Exercise objective>
Here are records with pictures in them. Copy all of them exactly and leave the pictures out.

--- Study material ---

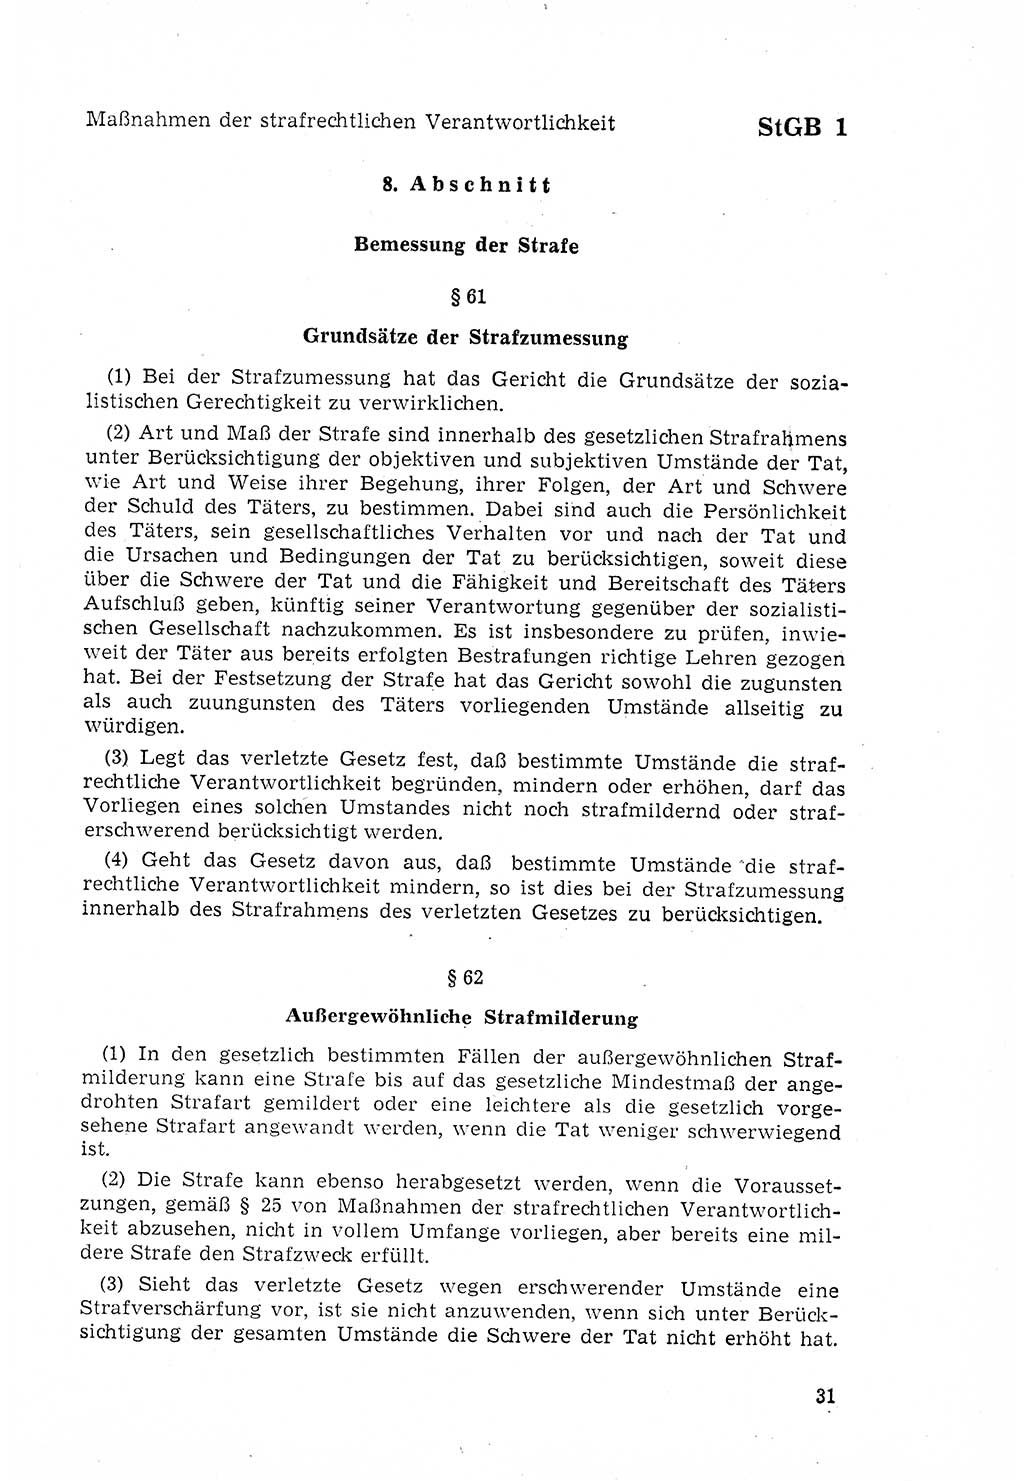 Strafgesetzbuch (StGB) der Deutschen Demokratischen Republik (DDR) 1968, Seite 31 (StGB DDR 1968, S. 31)
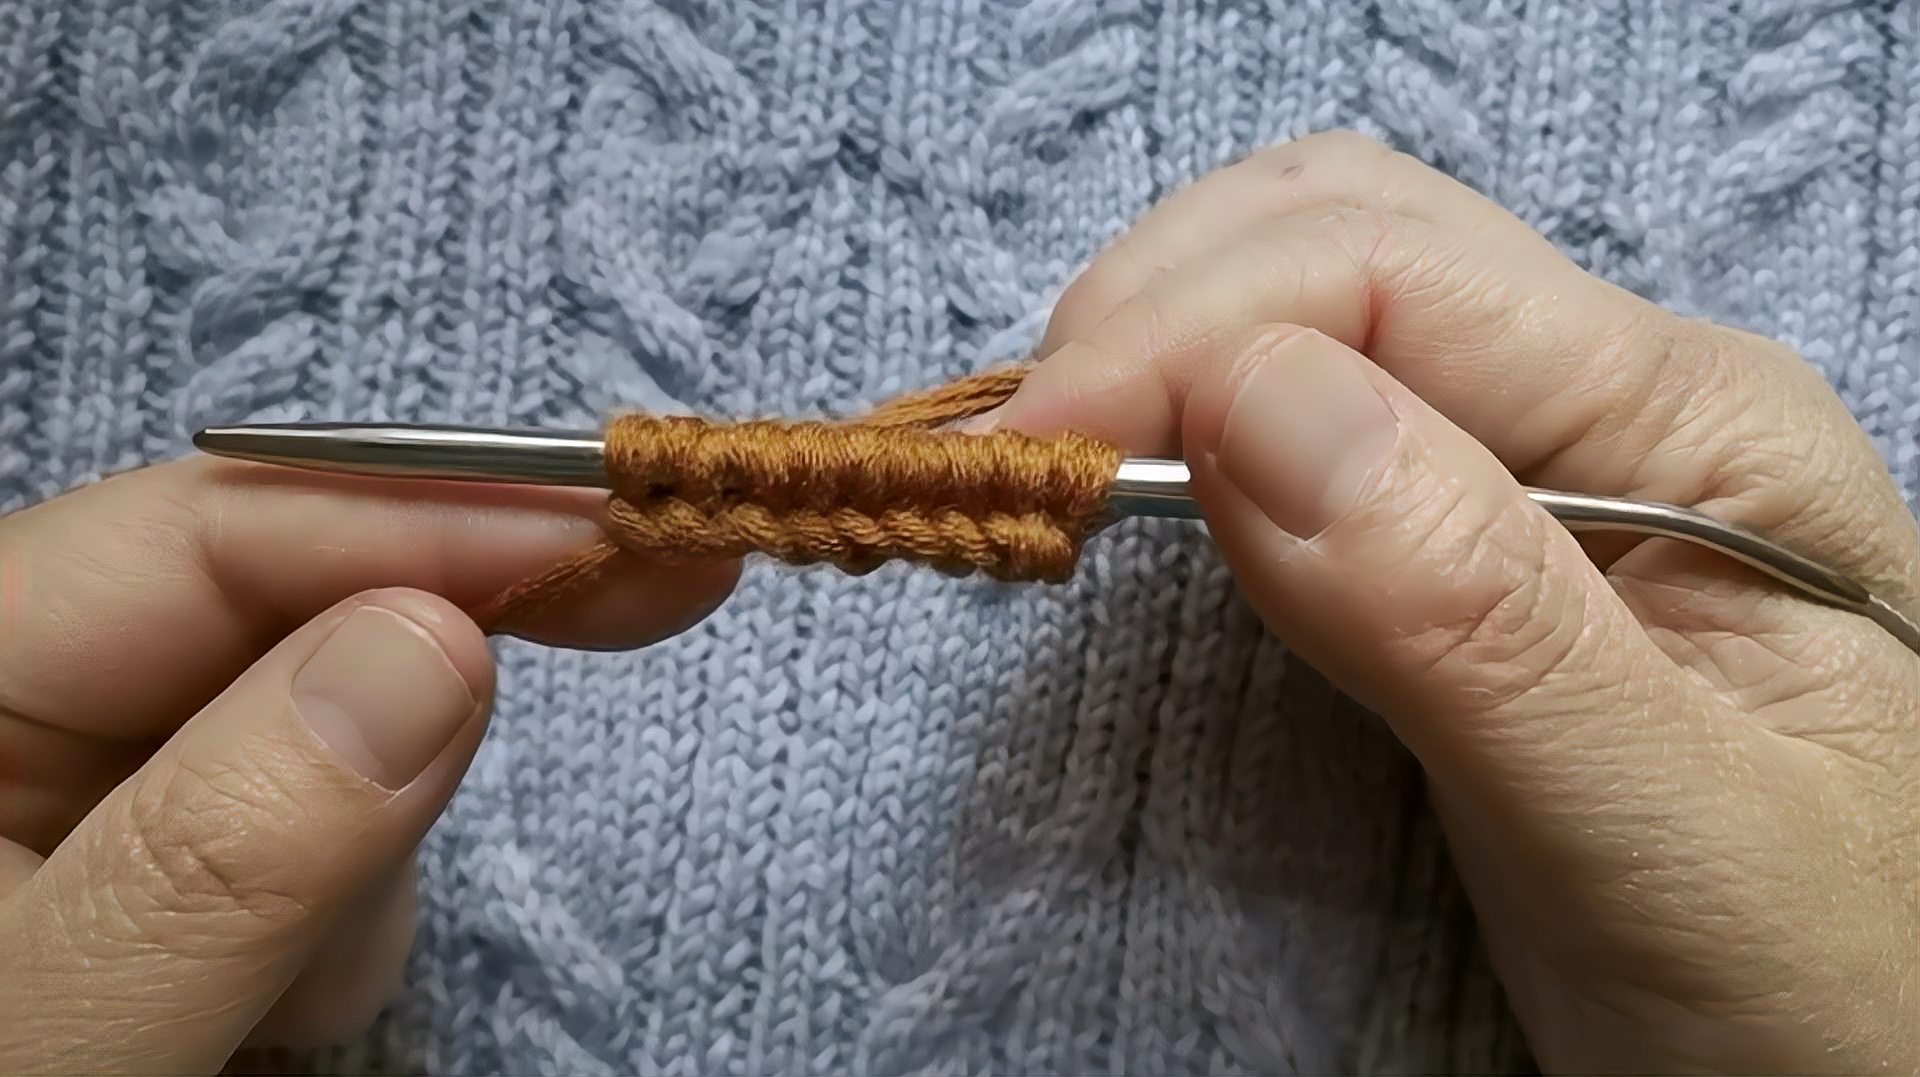 3毛衣起针教程:首先圆形扣起针,然后从第一根签子上退下,将毛线拿上
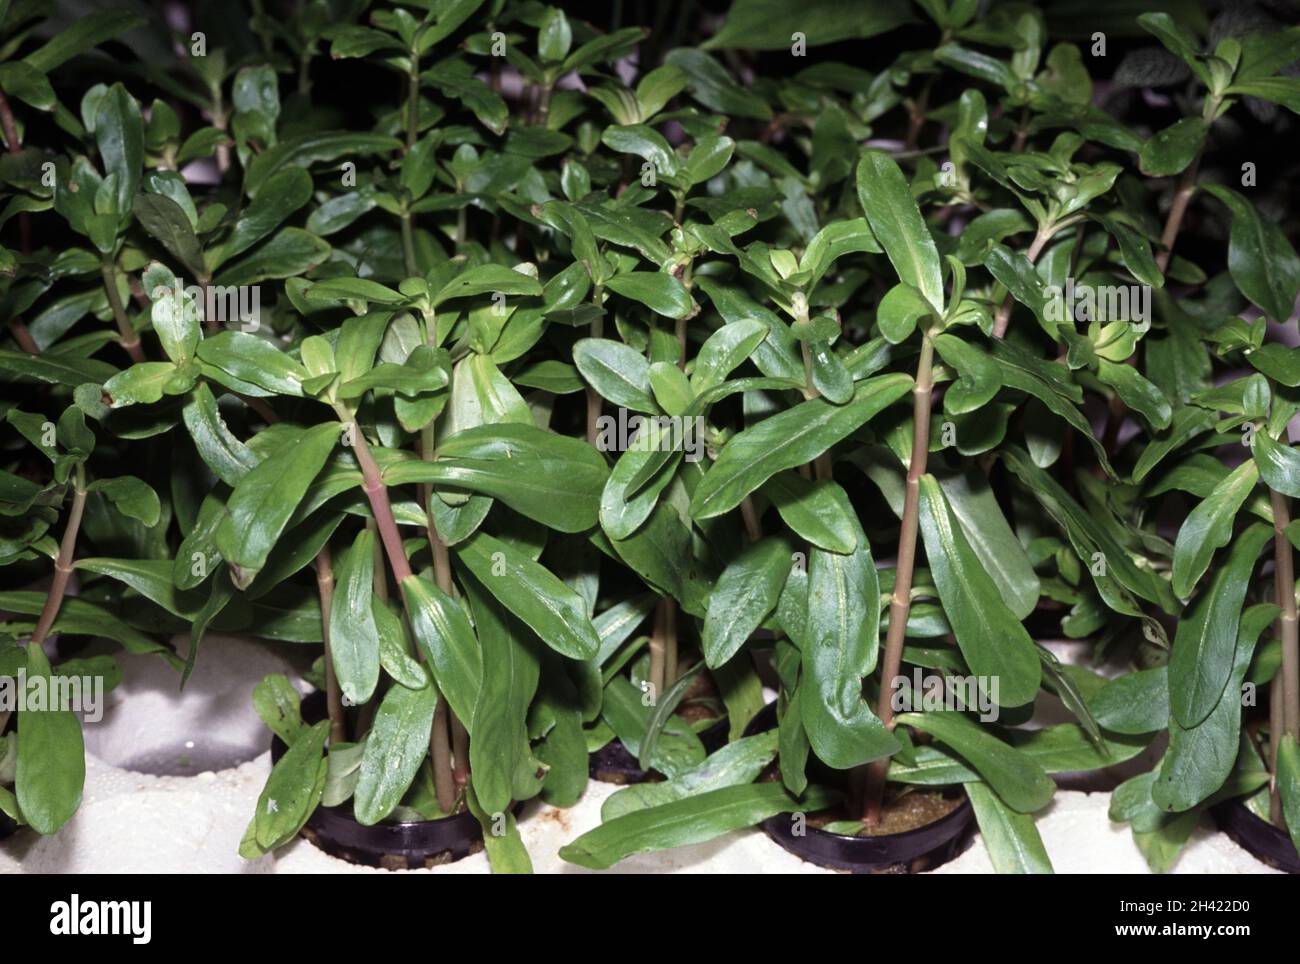 Ammannia crassicaulis from Africa is also known as Nesaea crassicaulis. Hydroponic culture for aquarium purpose Stock Photo
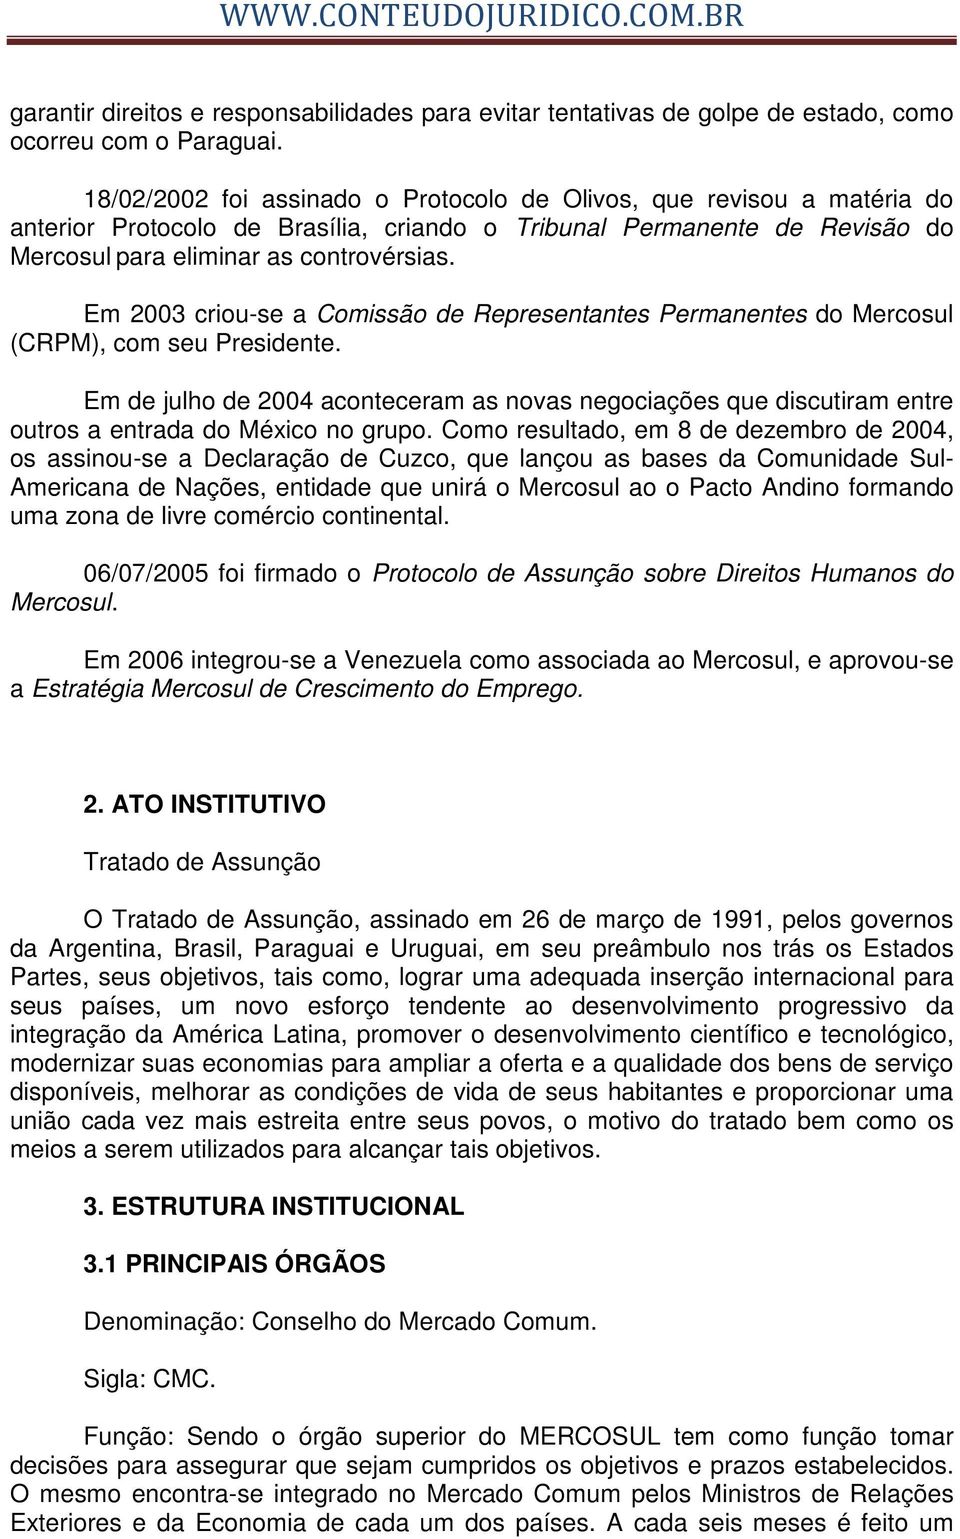 Em 2003 criou-se a Comissão de Representantes Permanentes do Mercosul (CRPM), com seu Presidente.
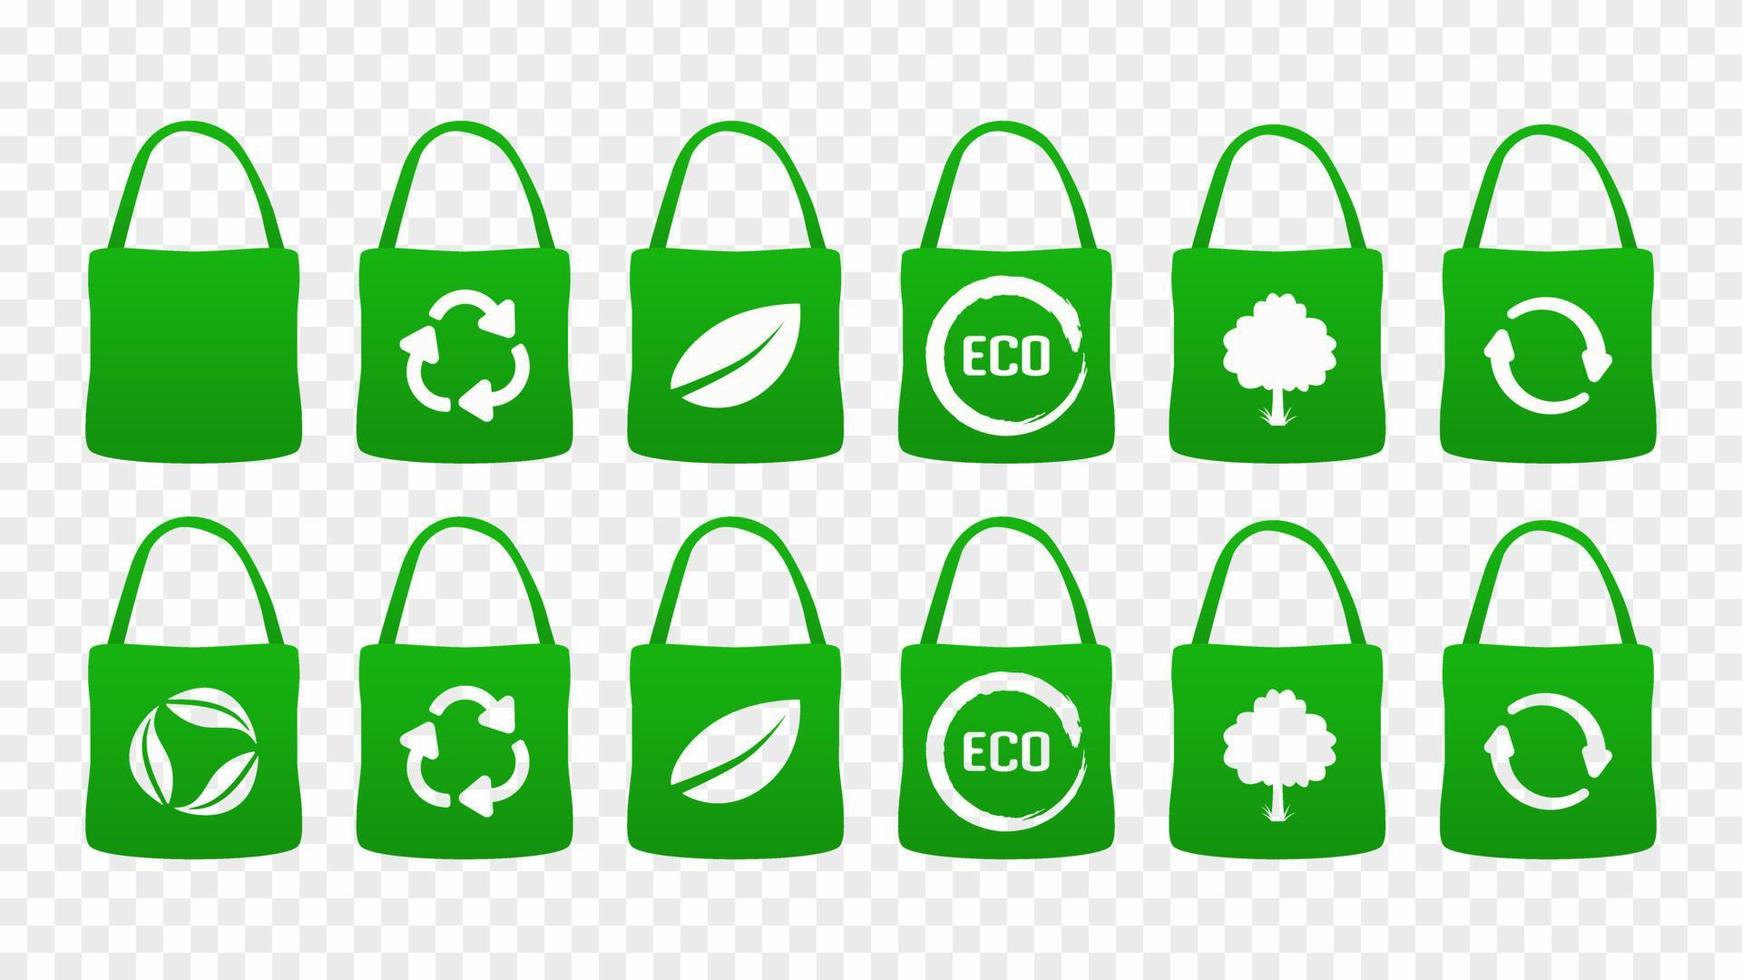 ekologiska påsar. grönt naturligt lövpaket tillverkat av naturliga bioråvaror med ruttnande plast återanvändbar cykelanvändning utan miljöföroreningar bekväma shoppingresor ekologivektor vektor
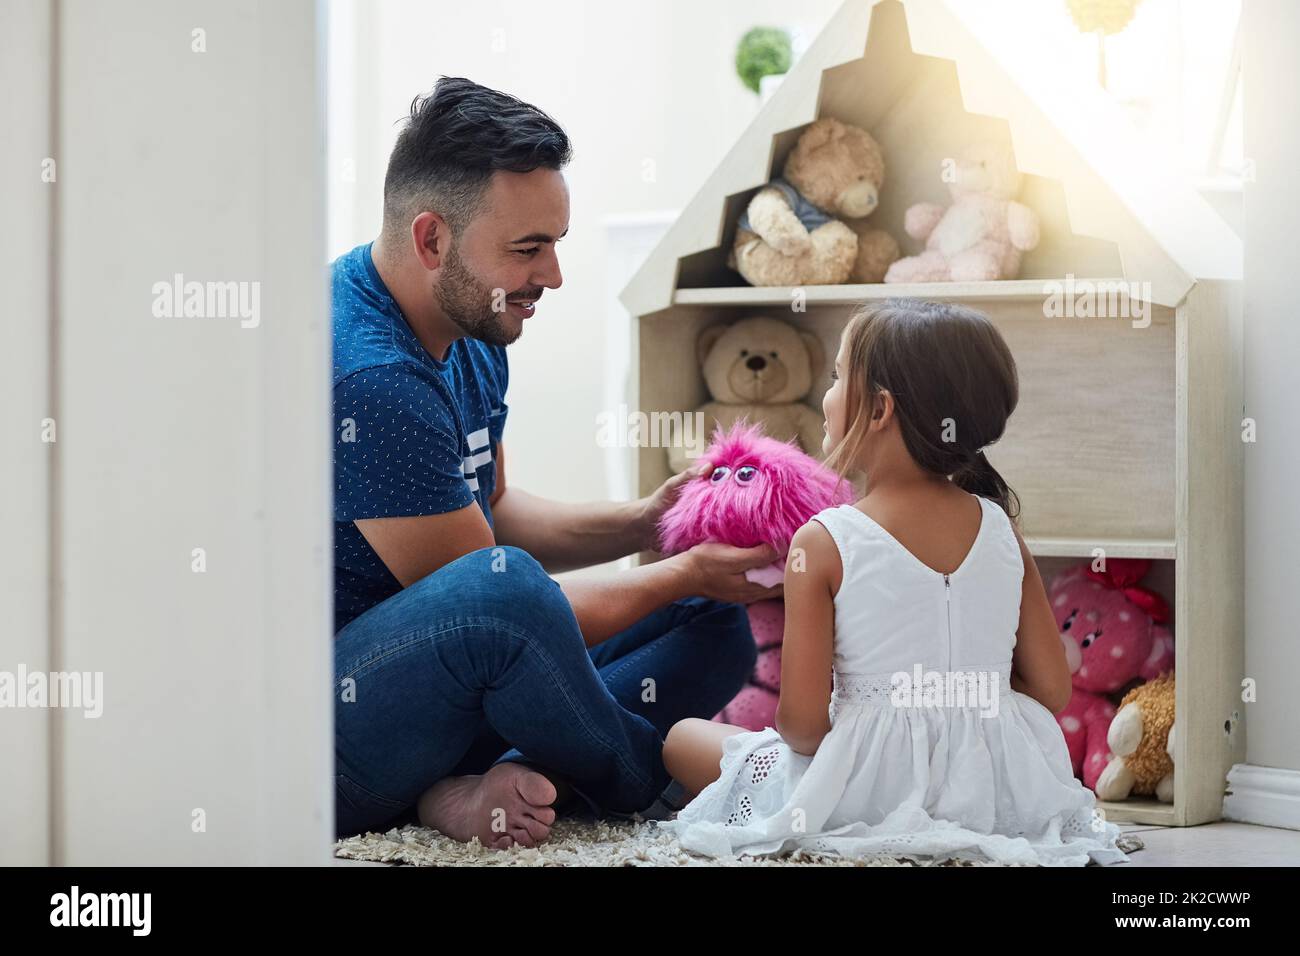 Partager dans sa petite imagination magique. Photo d'un père et d'une fille jouant ensemble à la maison. Banque D'Images

---

Result>
 Strafgesetzbuch (StGB) der Deutschen Demokratischen Republik (DDR) 1968, Seite 31 (StGB DDR 1968, S. 31)
 3毛衣起针教程:首先圆形扣起针,然后从第一根签子上退下,将毛线拿上
 Ammannia crassicaulis from Africa is also known as Nesaea crassicaulis. Hydroponic culture for aquarium purpose Stock Photo
 Em 2003 criou-se a Comissão de Representantes Permanentes do Mercosul (CRPM), com seu Presidente.
 ekologiska påsar. grönt naturligt lövpaket tillverkat av naturliga bioråvaror med ruttnande plast återanvändbar cykelanvändning utan miljöföroreningar bekväma shoppingresor ekologivektor vektor
 Partager dans sa petite imagination magique. Photo d'un père et d'une fille jouant ensemble à la maison. Banque D'Images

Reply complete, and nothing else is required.